The deep smokey flavor of this enchilada sauce comes from roasting your dried chili's. The slight sweet flavor comes from the chili themselves as well as orange zest. Spend a little extra time developing your sauce and you'll never go back to the other way again.
But...for a quick and easy sauce, check out my Tomato Based Enchilada Sauce. Great for quick after work meals and those who may not like the fuego!
2 tablespoons oil
12-14 whole dried chiles (or 1-5oz bag)
12 cloves garlic, whole
2 onions, peeled and halved
1 ½ teaspoons dried oregano
1 teaspoon cumin seed
1 tablespoon salt
1 ½ tablespoons sugar
¼ of an orange, zested
1. In a large skillet, heat 1 tablespoon oil over medium-high heat. Add enough chiles to create a single layer, do not crowd pan. Turn often, until chiles darken and absorb some of the oil. Place chilies in an 8qt stockpot. Repeat until all chiles are toasted.
2. In the same pan, heat remaining 1tbsp oil over medium-high heat. Season onion halves with salt and pepper. Add to pan and char the onions on all sides. Add onions to the 8qt stockpot.

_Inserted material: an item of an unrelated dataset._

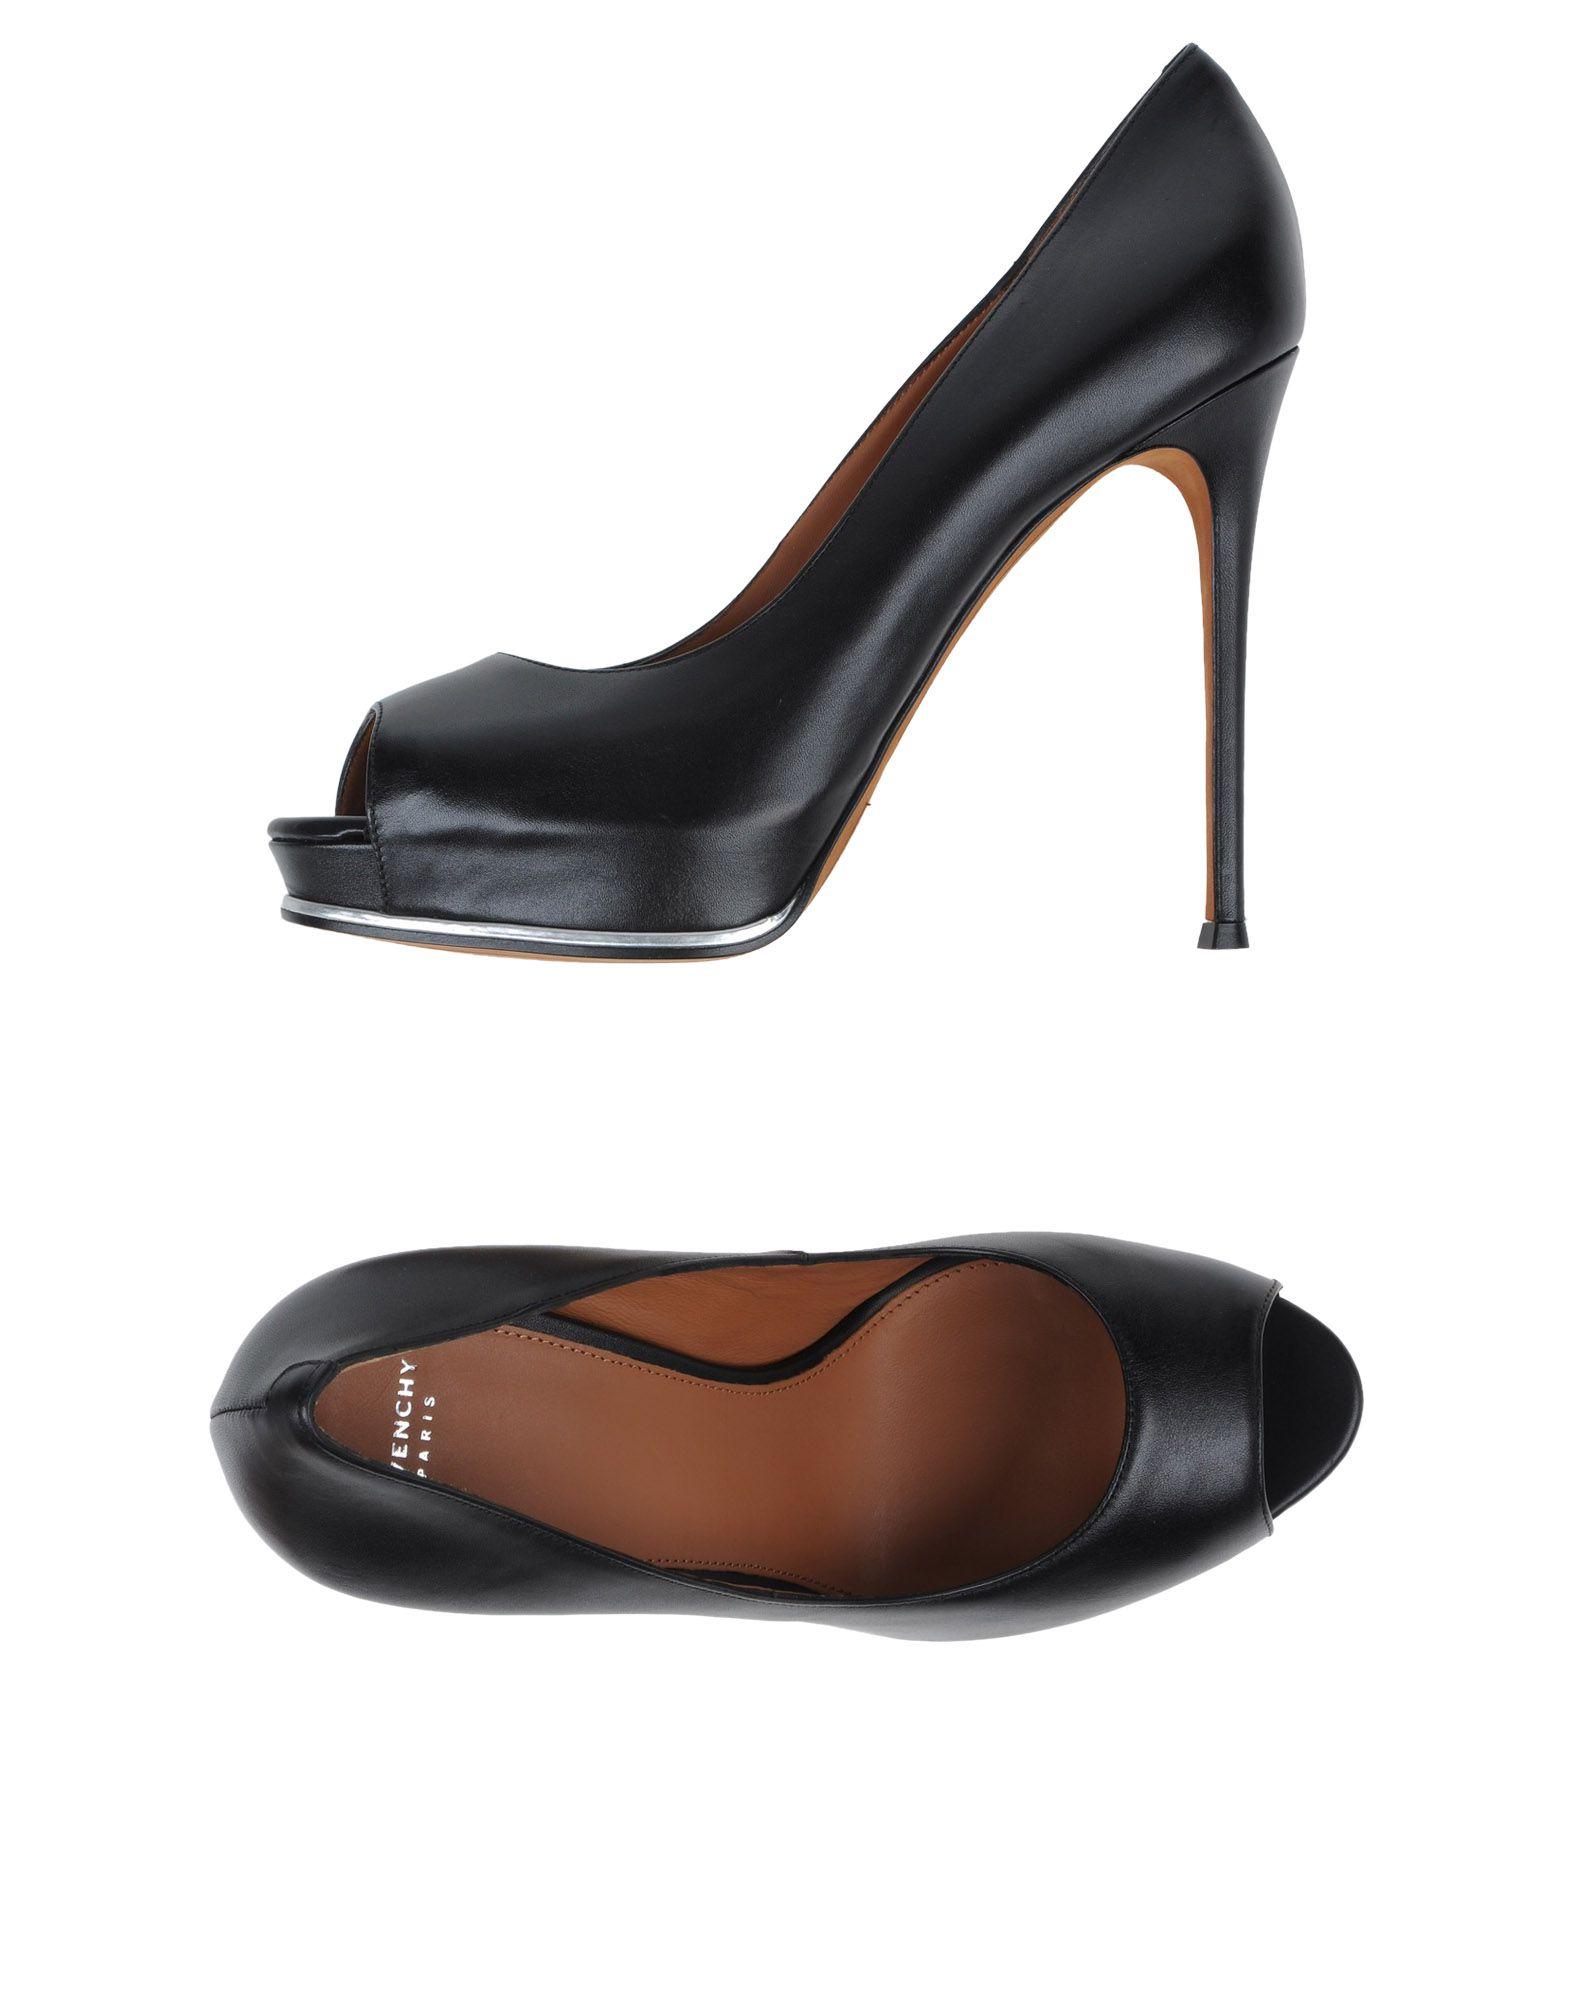 Escarpins Givenchy Femme - Escarpins Givenchy sur

3. Season the 8qt pot with oregano, cumin seeds and salt. Cover with water and bring to a boil. Reduce heat and simmer for 30 minutes.
4. Let cool slightly.
5. With a blender or immersion blender, blend mixture in pot until smooth.
6. In a large bowl, mix some of the sauce with the pork and stir to combine. Let rest for flavors to combine.
7. Reserve extra sauce for serving on the side or freeze.